Wednesday, October 26, 2011

LEGO and Let God!

Today we had a backyard party to celebrate my oldest child's ninth birthday.  We have become somewhat known among our friends and family for throwing fun parties... I get really into the party planning, mostly I am a girl who loves a good theme!  You name it we have done it, we released live butterflies for our daughter's butterfly themed party, had tea and sweets to celebrate the royal wedding (alongside a life sized creation of a real British red phone booth); and turned our living room into Hogwarts for a Harry Potter party.

My husband goes along with my insanity by smiling gamely and moving whatever furniture I require and my kids seem to enjoy the craziness and the truth is I just love to work a theme.  From food to decor, to music, to favors and photo opportunities, I just love the organization and inspiration that can be had by conforming to a theme.  I guess the appeal for me is how everything fits so well and flows so brilliantly when there is one overarching aspect tying it all together.  No conflicting agenda, no being confused about what to do or what not to do.  If it fits the theme then we do it, if not then too bad.

Today's theme was "Legos".  We played "Minute to Win it" type Lego games, we crafted with Legos, decorated with Legos and even ate molded chocolate Lego minifigs.  After yet another successful party I found myself thinking as I cleaned up that life sure would be easier if there was a theme to it.  I would know exactly what was important, know what fit and what did not... and then, right there in a yard strewn with Legos that had gone rogue, jackets that were left behind and a dog who was on a serious sugar high... right there I had an epiphany!

 My life does have a theme, I just forget that sometimes, actually if we are being honest I forget that most of the time.  The theme of my life is "Glorifying God".  I spend hours each week trying to puzzle out my life's purpose, trying to make life make sense and then in the still small silence after the whirlwind of a  noisy boy party I remember.

 I am a child of God and if I am going to own that identity then the theme is laid out right in front of me.    Really, its just that exquisitely simple; and in God's true fashion, just that exquisitely difficult (God seems to love a paradox the way I love my themes).  So if I see my Christian identity as a theme for my life, then how do I plan this party?

Food: Does my daily menu of leftovers off of my kiddos plates and crammed bites between deadlines glorify God? No? then I need to find a menu that does.

Time: Does saying yes to this person asking for a favor or another bit of money or my time glorify God? Yes? Then by all means I am in, No? then I am going to have to sit this one out because its not the theme of today's party.

Relationships: Does saving my best energetic self for those outside my home and being drained around my own family glorify God? No? Well then I better find out what needs to change and act on it.

The music I listen to, the shows that I watch, the books that I read... do they glorify God?
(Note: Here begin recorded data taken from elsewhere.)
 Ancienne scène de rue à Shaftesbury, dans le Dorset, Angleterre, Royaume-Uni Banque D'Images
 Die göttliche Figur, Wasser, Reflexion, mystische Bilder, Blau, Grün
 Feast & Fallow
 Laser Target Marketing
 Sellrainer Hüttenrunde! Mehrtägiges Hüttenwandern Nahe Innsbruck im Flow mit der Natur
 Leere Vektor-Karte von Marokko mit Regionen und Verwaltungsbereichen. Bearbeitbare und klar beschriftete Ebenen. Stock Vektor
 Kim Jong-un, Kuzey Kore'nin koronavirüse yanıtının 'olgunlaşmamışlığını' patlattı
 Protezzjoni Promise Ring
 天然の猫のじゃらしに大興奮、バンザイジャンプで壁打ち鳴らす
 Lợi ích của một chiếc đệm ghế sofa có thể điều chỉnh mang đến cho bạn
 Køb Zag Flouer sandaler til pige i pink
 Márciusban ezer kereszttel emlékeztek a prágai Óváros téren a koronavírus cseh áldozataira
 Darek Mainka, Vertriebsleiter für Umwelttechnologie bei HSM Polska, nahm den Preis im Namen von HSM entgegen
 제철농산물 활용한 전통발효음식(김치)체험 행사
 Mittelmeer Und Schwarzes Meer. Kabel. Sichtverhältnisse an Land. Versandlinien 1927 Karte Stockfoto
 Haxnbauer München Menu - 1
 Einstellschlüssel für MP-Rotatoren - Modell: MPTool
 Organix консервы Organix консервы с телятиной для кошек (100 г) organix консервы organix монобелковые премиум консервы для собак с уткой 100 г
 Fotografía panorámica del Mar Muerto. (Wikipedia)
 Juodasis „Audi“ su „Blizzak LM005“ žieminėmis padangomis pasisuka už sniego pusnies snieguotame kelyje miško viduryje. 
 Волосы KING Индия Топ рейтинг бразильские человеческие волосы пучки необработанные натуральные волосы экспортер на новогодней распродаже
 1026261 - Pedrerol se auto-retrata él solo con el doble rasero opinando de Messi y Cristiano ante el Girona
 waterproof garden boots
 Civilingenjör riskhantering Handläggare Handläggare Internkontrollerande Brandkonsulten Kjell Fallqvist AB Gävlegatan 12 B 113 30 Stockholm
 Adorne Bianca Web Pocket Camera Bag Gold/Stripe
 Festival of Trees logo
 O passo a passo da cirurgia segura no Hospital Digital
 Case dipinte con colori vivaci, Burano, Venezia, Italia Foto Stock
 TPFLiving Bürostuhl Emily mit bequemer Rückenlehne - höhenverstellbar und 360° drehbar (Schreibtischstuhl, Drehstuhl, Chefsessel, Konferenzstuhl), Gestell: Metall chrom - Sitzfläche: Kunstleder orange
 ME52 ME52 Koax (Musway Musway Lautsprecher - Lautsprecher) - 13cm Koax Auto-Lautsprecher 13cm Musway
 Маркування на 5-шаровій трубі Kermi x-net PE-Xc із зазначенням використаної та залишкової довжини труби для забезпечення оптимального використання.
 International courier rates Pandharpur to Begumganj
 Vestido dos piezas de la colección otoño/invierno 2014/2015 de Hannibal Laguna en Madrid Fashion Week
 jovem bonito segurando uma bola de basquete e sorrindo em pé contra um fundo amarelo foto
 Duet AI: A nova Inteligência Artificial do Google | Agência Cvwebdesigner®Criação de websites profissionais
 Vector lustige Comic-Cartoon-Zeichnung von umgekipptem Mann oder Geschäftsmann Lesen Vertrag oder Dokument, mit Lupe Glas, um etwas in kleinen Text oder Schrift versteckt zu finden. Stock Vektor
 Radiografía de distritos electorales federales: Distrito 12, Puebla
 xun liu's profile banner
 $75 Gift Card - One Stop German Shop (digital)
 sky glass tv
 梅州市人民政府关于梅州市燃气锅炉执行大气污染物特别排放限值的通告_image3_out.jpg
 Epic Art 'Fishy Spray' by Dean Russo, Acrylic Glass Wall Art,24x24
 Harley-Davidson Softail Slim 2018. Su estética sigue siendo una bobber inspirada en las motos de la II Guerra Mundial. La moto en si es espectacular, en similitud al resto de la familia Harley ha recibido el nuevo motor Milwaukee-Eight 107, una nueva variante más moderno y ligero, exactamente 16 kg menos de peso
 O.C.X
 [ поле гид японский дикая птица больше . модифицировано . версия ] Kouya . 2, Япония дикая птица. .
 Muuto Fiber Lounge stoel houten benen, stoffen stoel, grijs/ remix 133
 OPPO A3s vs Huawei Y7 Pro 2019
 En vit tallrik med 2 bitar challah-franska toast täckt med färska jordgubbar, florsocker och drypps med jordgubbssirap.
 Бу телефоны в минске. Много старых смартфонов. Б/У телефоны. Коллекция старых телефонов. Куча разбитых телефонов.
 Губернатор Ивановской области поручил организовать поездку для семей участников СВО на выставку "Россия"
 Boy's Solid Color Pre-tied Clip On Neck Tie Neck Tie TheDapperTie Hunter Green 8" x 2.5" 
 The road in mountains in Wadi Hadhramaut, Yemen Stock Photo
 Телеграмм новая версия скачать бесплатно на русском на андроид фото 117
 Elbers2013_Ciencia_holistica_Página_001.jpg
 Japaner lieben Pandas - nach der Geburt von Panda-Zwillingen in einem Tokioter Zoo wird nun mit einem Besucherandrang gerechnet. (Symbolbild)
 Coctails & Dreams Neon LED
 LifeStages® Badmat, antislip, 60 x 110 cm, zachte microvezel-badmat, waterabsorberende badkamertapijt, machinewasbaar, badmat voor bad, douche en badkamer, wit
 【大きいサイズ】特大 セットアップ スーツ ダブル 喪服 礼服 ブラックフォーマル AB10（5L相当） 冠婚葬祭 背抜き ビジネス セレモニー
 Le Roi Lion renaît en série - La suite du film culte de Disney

That does not mean I can only listen to "Christian music" or read books that can be bought at Lifeway, rather it means that I give as much thought to what I consume both emotionally and physically as well as rationally in my daily life as I do during a two hour children's party.

To understand that the theme of my life is to Glorify God is to give myself permission to actually cut out those things in my life that do not add to that theme.

Can you imagine what a party planned with the theme of Glorifying God would look like?  I imagine that there would be honesty, even when the stakes are high, and truth spoken but spoken in love.  I believe people would be taking care of others but also taking pleasure in treating themselves with love and respect.  I suspect that there would be genuine pleasure taken in hearing of the acheivements of others at the party because there would be the underlying feeling of bounty.  There would be a feeling that there was enough of everything for everyone, there would be enough love, praise, food, shelter, purpose, for every person in the room to feel full.

Image a party with a theme like that... It sounds a little like being in the full on, full time, presence of God.  A party like that sounds, well it sounds just like Heaven!